Salome - Royal Opera House, 3 July 2010 (first night)
Justin Way’s revival direction seems under-rehearsed, to conjecture kindly. Even the experienced Johan Reuter looked as hesitant and uncertain as a last-minute replacement straight from the airport. Yet paradoxically on its first return to the Royal Opera House David McVicar’s Salome emerged more clearly and coherently than it did on its premiere. It's a society on the brink of the apocalypse prophesied by Jokaanan, and acknowledged by Herod as he throws a party for the end of the world before retreating to his Führerbunker below. McVicar’s 1930’s update points up the decadence which a modern audience is inclined to mistake for mere extravagance in a more traditional swords’n’sandals production. The child abuse implied by McVicar's imaginative but clunkily-executed seven veils dance explains Salome's destructive, and self-destructive, impulses.
A decent cast offered a solid team showing without star turns. Salome herself emerges as a last-hope beacon of purity and refinement – more so in Angela Denoke’s elegant characterisation than Nadja Michael’s rampant physicality first time round. Denoke hasn’t got all the top notes, nor the consonants for that matter, but her steel-edged white tone is as close to ideal as you’re going to get without casting dead people, so let’s be grateful for what we’ve got.
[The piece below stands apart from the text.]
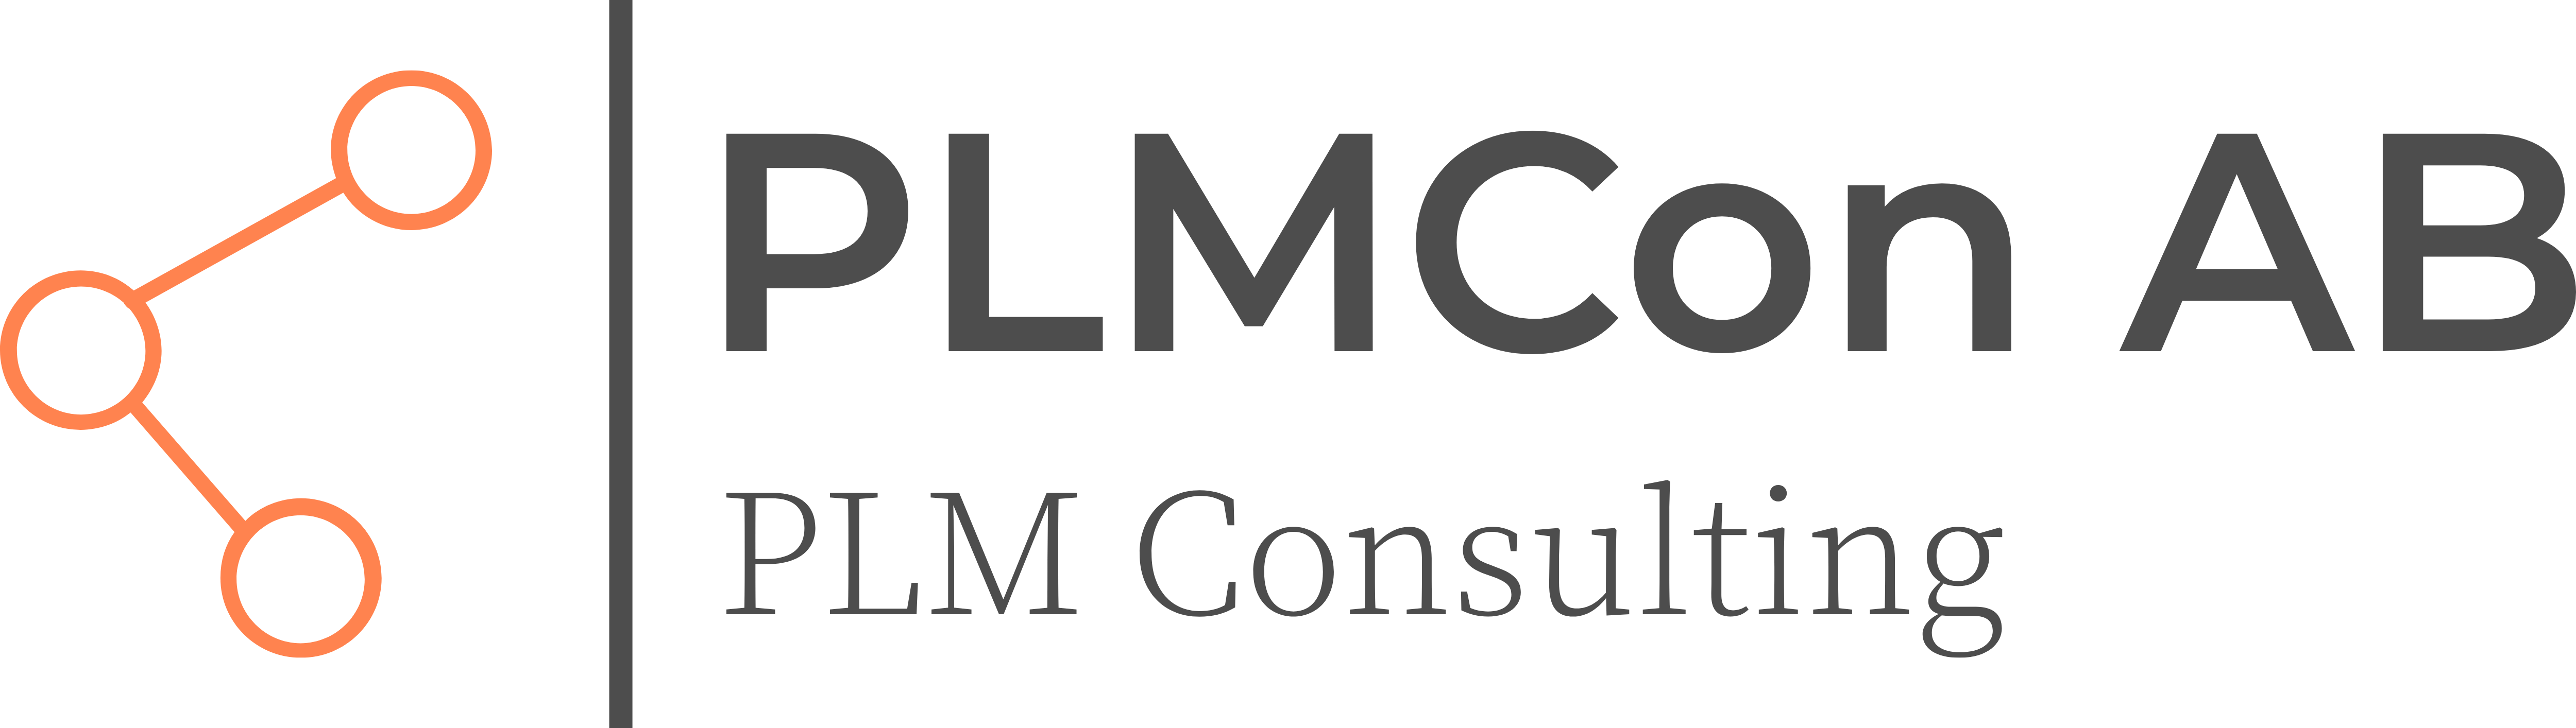 PLMCon AB - PLM Consulting

Any Jokaanan needs the awe-inspiring vocal power and physical magnetism to rabble-rouse and terrify. Johan Reuter can sing the part, no question, but he offers a hill instead of a mountain. There was a whiff of Berlusconi about Gerhard Siegel’s tinpot dictator Herod. On technical grounds he was perhaps the best singer on stage, impressively firm and well controlled – more than you could say about the wobbly Herodias of the statuesque Irina Mishura. A camply comic turn played up their physical disparity. Andrew Staples and Sarah Castle as Narraboth and the Page sang nicely enough, but neither registered as strongly as they should in the opening scene - perhaps a fault of the production and its diversionary tableau of naked flesh.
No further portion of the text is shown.